Tag Archives: preserving your imagination

FERS & CSRS Disability Retirement Law: The Carousels of Summer

The mounts littered throughout the roundabout can be diverse and captivating; in the swirl of the rotating platform, the child in us wants to sit upon every creature, from unicorns to zebras, the traditional horse and the mythological creatures of one’s limitless imagination.

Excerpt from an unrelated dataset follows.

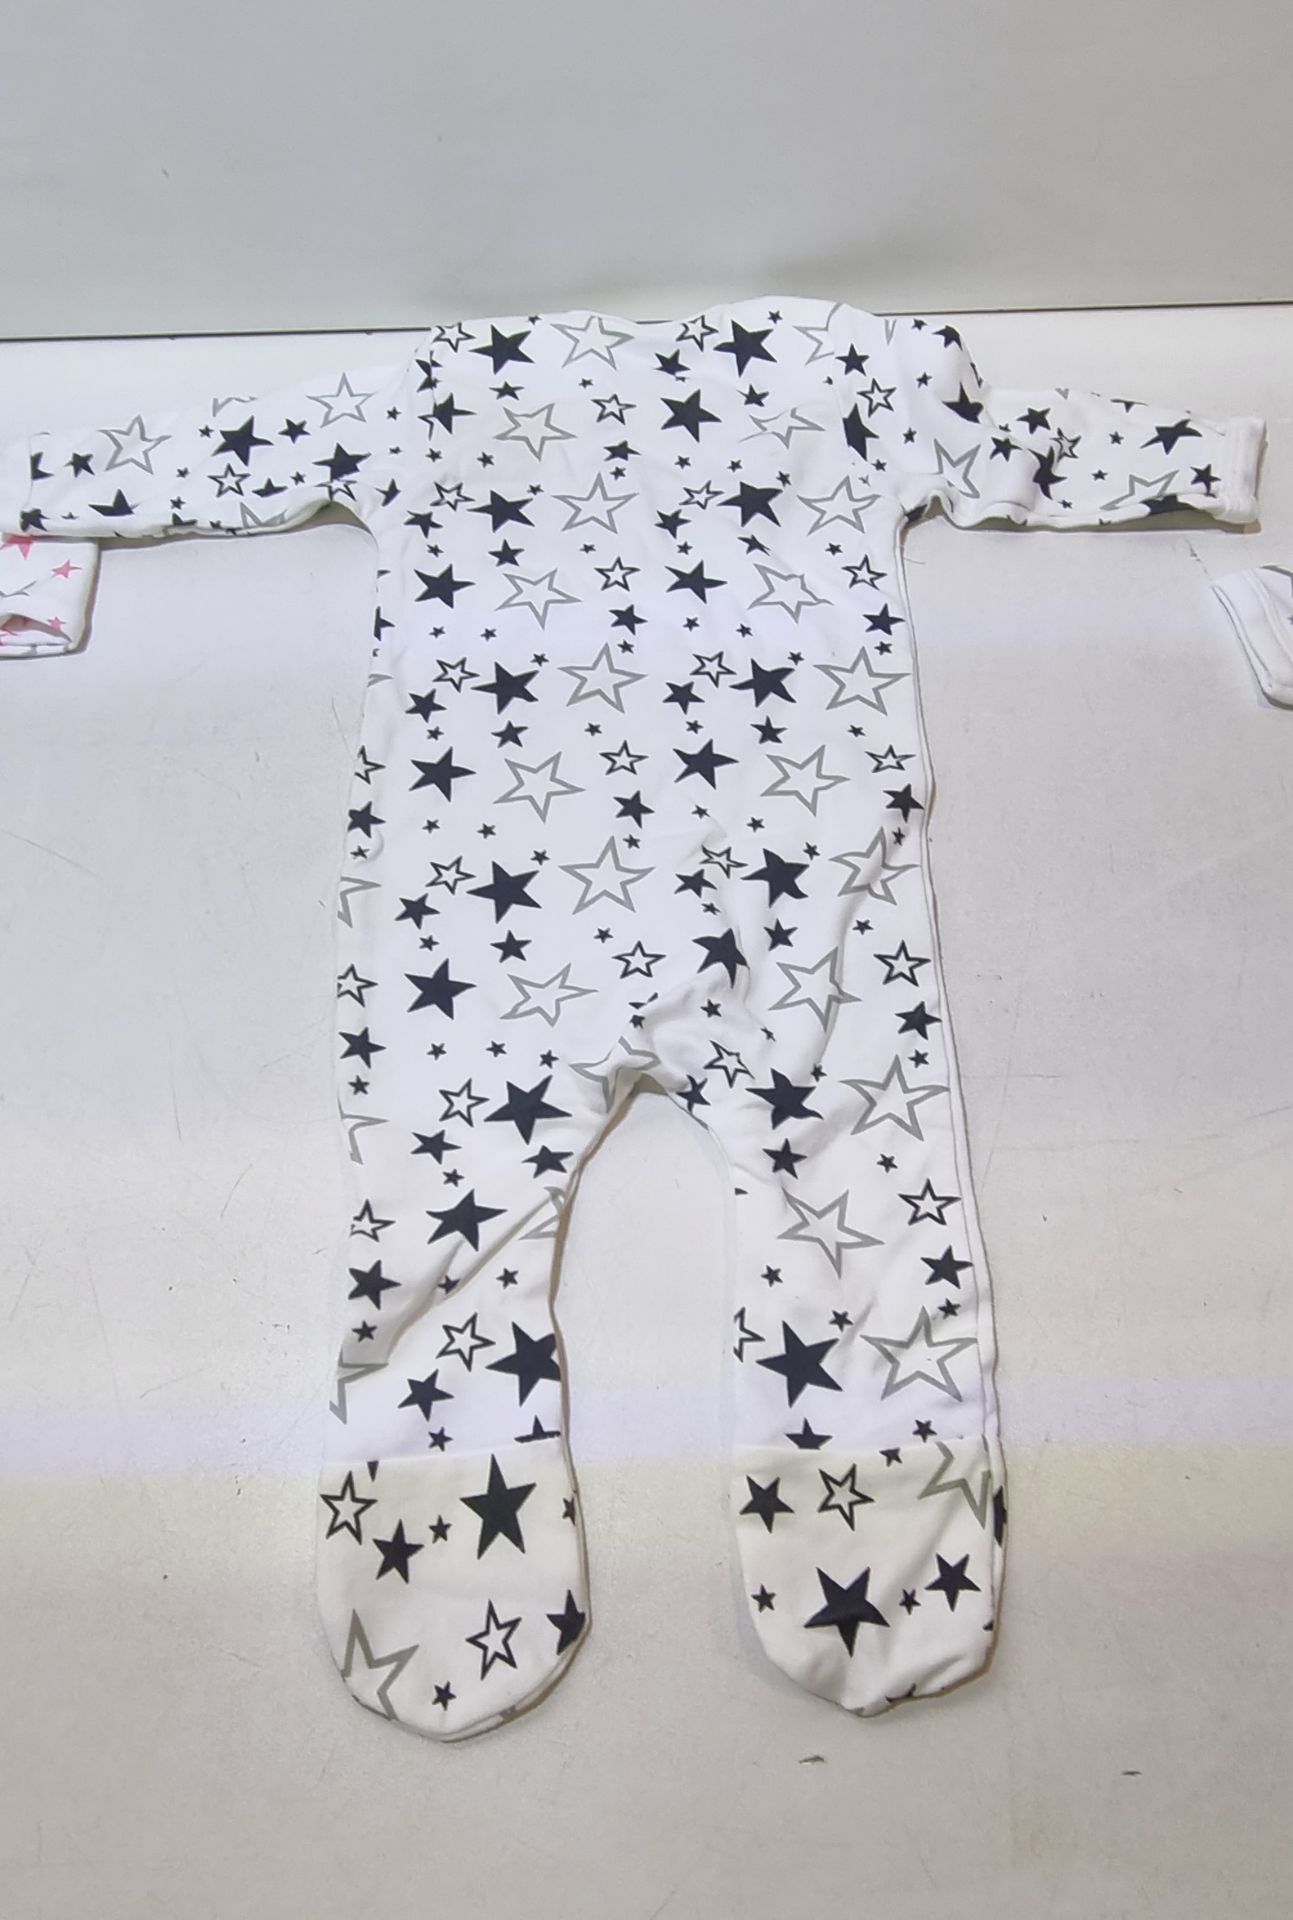 4 x Dinosaur/Star Babygrows in Various Colours & Sizes - Image 8 of 8

As we grow older, we come to realize that the spinning sensation itself remains static; the difference between climbing into the bosom of one creature as opposed to another, is indistinct and ultimately irrelevant; when one’s childlike imagination and excitement wrought in ignorance of the cruel world becomes extinguished, the fun of being naive and clueless is no longer an option.  Cynicism comes with maturity; the older we get, the less likely are we to allow ourselves to travel into the realm of the unreal.  Life tends to do that to us.

The road of hard knocks is littered with tales of turmoil and turbulence; storms come and go, and while the devastation left behind can be somewhat repaired, the psyche and soul of damaged people can rarely be glued back together, as fragile porcelain leaving behind fissures wide and gaping as the childlike wonderment we once knew.

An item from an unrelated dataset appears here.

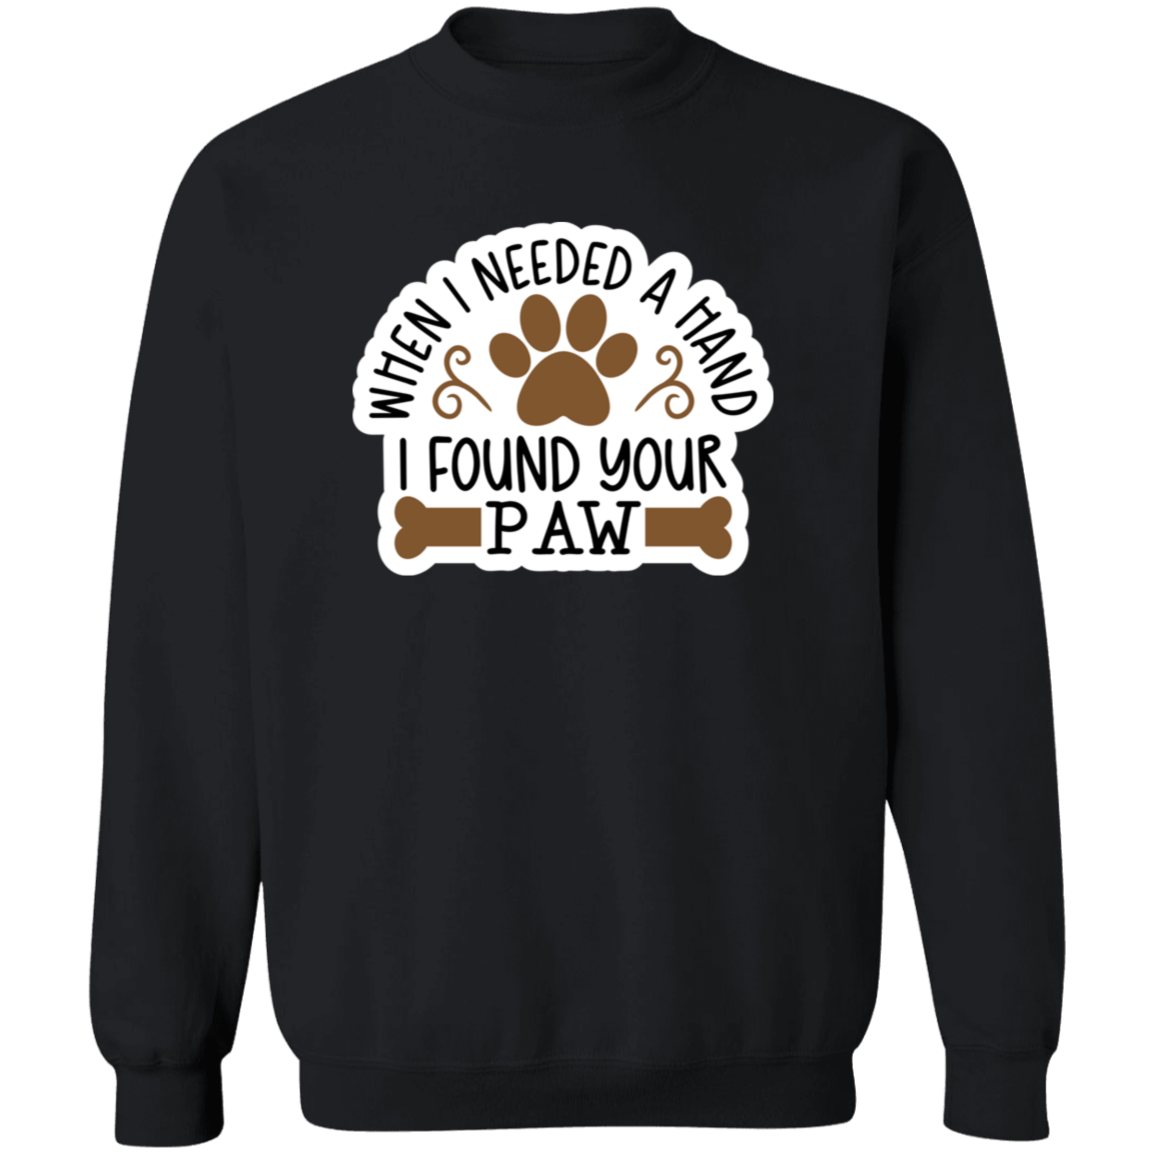 When I Needed a Hand I Found Your Paw Dog Rescue Crewneck Pullover Sweatshirt

Federal and Postal employees know the experiences of life:  the internal battles, the power struggles and the herd-like mentality of agencies and departments.  Then, when a medical condition hits, and the Federal or Postal employee is no longer the golden-boy of past cliques, one is cast aside like the child who is left outside of the teams picked in linear sequence, until the silence of being ignored becomes a reality as shame and embarrassment shouts in muted suffering.  Sometimes, the wisest move is to move on.

Filing for Federal Disability Retirement benefits through the U.S. Office of Personnel Management, whether the Federal or Postal employee is under FERS, CSRS or CSRS Offset, is the best and only option remaining.  To attempt to stay is like the biblical admonition of “kicking against the goads“; to walk away and do nothing is merely to spite one’s self; and so the Federal or Postal employee who has a medical condition, such that the medical condition prevents one from performing one or more of the essential elements of one’s positional duties, should always opt for the best remaining alternative.

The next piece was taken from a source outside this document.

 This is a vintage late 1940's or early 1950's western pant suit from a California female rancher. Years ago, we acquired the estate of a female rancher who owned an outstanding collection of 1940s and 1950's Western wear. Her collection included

To prepare, formulate and file for Federal Disability Retirement benefits through OPM is ultimately not an admission of defeat.  Rather, it is to enliven that imagination once grasped, but since forgotten; of the child who discovered that changing from the seat of a dragon on a carousel to the bosom of a resplendent unicorn makes all the difference not in the change itself, but within the comfort of the limitless imagination of one’s mind.

Sincerely,

Robert R. McGill, Esquire

 

The Jewel of One's Imagination

      We all reserve it; it is there in the collected recesses for our solitary solace, to be taken out in emergencies, in times of downtrodden moodiness or imposed, deafening thoughtfulness; when the technological busy-ness of the world implodes and stirs the angst of our essence.  It comes in different forms: “One day…”, “We can always…”, “If all else fails…”   It may be an abandoned hotel on the roadside where we vacation.  Or, perhaps it is an old penny, discolored and with the date faded, kept in a box under the bed.  A painting by an unknown artist, of unknown origin, and undated.  But those chains which we cannot see engulf us, and from the incessant warnings of naysayers of what we cannot do, as heavy burdens delimiting the universe of our imaginations, yet we perpetually leave behind the fine imprimatur of our youthful mind-flings.  For, were it not that we reserved a crumb of insanity, we would indeed find that our sanity was unbearable; and were it not that we asserted our sanity, but for the insanity of our imaginations.  But as time goes on, and old age and infirmity overwhelms us, the old abandoned hotel on the roadside decays into beetle dust and throngs of invisible termites.  One day the roof collapses.  The neon sign which flickered a hopeful glare in the reflection of the evening sun, now stands with rusted background.  The once grand ballroom has been flooded over time, and when the reality of devastation overwhelms even the imagination, then dreams die, imaginations fade, and the human soul withers. 

     “Harry, my dear, should we have that penny appraised?”

     “Never, my dear, for one day we may decide to sell it and retire into the sunset.”

     Poor Maybelle.  She had such a look of puzzlement.  “But we’re retired, now…”

     Harry gave a sly smile; a knowing look, a mischievous glint of youthful pleasure.  “Never in our hearts, my love…never in our hearts.”

     And so the penny must never pass beyond the test of imagination.  And that abandoned hotel on the roadside?  It is the fodder by which dreams are made of – to restore it one day, to bring it back to the days of ballroom dancing.  Should one ever approach a banker with a business plan?  Never!  Not if you want your dreams to be squashed, rattled, crumpled and discarded.

     And that painting hanging in the den – the one which has evoked curiosity, conversation, and child-like awe.  Perhaps it was Picasso; or the granddaughter of your good friend.  No matter; it is what dreams are made of.

     Let not the human soul wither.  Safeguard the jewel of one’s imagination.